I have not posted here in a month or so, I've been updating friends & family more through email and Facebook, primarily. From time to time, I'll find myself googling other blogs about Polymyositis experiences just to grasp at any information that I can about others' experiences, so I want to make sure that I don't abandon this medium as well, in case anyone out there can gather any use from it.
Since I last posted, I had a rheumatologist appointment in which my CPK's were measured at 2,600. Considering that I started out at 10,000 in early February when I first walked into the office, this is progress. Unfortunately, however, not enough progress to taper any medications just yet. I am still taking 80mgs/day of Prednisone and 15mgs/week of Methotrexate. Fortunately, I do not feel that I am experiencing the degree of horrendousness that others have described with Prednisone. I am uncomfortable, for certain, but not miserable. I have trouble sleeping, feel pressure in my face and eyes, have sore joints, acne, and facial hair, but none of these things are absolutely miserable. So, either I'm a trooper, side effects are highly individualized, or the other shoe hasn't dropped yet and I'm just being naively optimistic. I'll have to let you know, especially once we start to taper. Speaking of tapering, my next rheumatologist appointment is in a few days. He almost let me talk him into it last visit, but the CPK's were still too high.
Ok, so to get off of the technical Dr/med/enzyme speak...

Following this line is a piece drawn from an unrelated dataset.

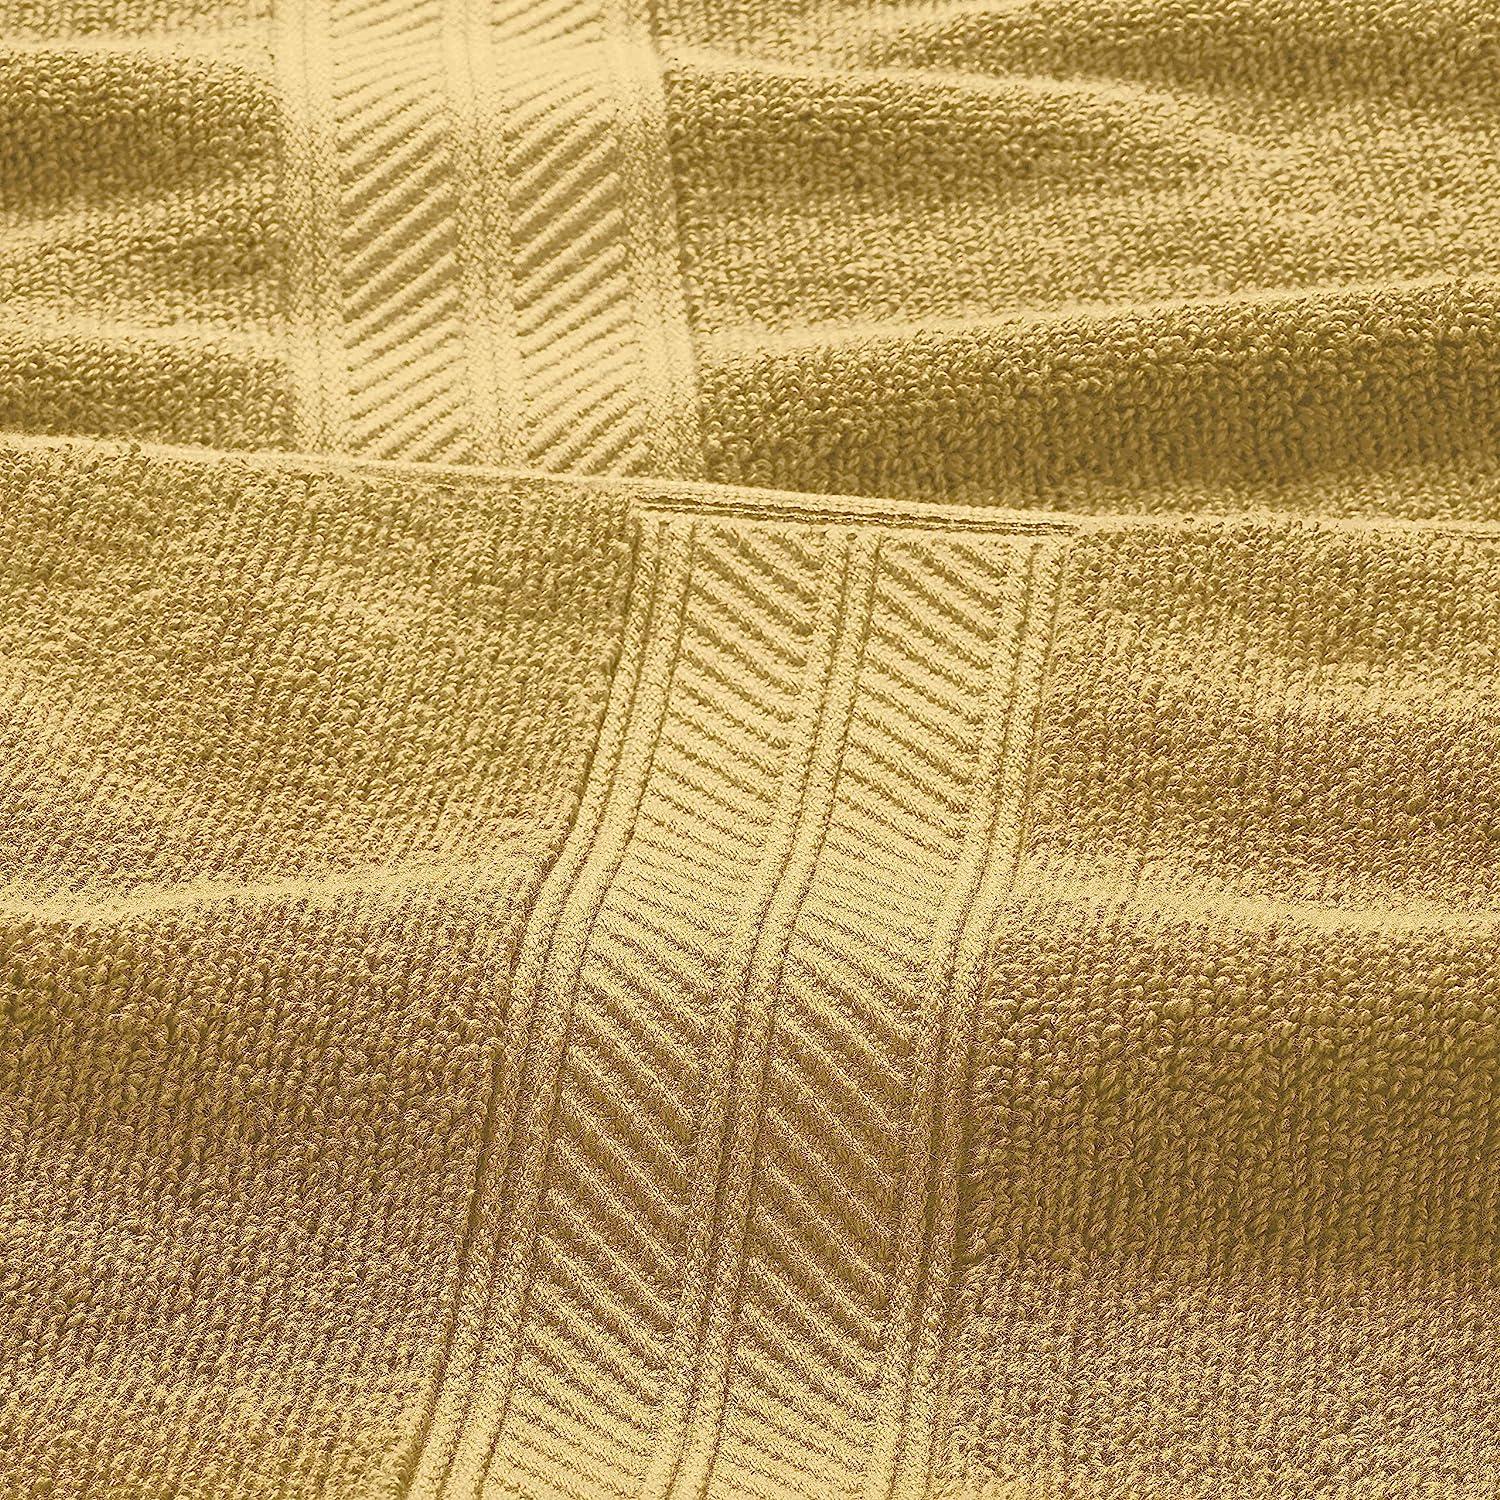 Super Soft Cotton Quick Dry Bath Towel 6 Piece Set Yellow

I am getting stronger every day, but this progress is not detectable on a daily basis. It is more noticable in the form of functionality. All of a sudden I will notice that a task became possible or slightly easier. For example, I touched my own feet for the first time last week, and a whole new world in which I could change my shoes, socks, and clip my toenails came back online. However, I have not had any other major breakthroughs since then, so I feel a little stalled out. Even though I'm sure that improvements have happened in the last week, if I can't utilize them in some way, I really can't detect them. Every day still carries discomfort, weakness, stiffness, and fatigue. I am encouraged when people tell me that I'm looking better and stronger all of the time. I believe them, and can detect this type of improvement since, say, February, when I was pretty down-and-out, but on a daily basis, I really don't feel it. Patience is a major virtue, here. I had written in one of my last email updates that this disease will be measured in months and years... which is the reality of chronic disease. For the first few months, I had treated it as an injury that had a more tangible recovery process. I still hope that I progress in this way, with a nice, linear, upward progression and an endpoint in sight that indicates "recovery". I try not to let the fears creep in that realistically, there is no way of knowing how recovery will progress, the extent that I will regain complete normalcy, and the way in which my life will be permanently altered. It is still early. Life is long, and I hope that in a year or who knows... that this time in my life will be a memory. I keep typing words like "polymyositis success stories" into google... it doesn't return much. I want this blog to become something that a similar search will hit. It has to be.